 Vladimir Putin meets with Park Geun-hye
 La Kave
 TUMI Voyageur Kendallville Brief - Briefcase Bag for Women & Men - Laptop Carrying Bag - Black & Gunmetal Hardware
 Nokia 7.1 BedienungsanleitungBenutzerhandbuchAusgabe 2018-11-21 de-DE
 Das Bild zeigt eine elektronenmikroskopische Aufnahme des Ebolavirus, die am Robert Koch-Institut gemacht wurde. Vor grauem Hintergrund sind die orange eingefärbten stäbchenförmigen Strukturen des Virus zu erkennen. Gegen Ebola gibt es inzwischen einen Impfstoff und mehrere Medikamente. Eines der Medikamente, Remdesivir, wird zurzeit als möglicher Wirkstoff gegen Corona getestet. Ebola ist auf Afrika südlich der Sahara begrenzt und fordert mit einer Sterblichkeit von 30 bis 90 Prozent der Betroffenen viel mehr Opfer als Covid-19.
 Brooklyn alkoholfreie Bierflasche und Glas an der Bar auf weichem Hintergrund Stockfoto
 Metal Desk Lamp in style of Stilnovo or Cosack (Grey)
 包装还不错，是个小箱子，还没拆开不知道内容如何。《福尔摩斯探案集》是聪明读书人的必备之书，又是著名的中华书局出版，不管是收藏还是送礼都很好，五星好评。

○ ○ ○ ○

▸ BRIEF: How many lines above include the word "Hintergrund"? Answer with the number alone.

▸ SOLUTION FOR THIS PROBLEM: 2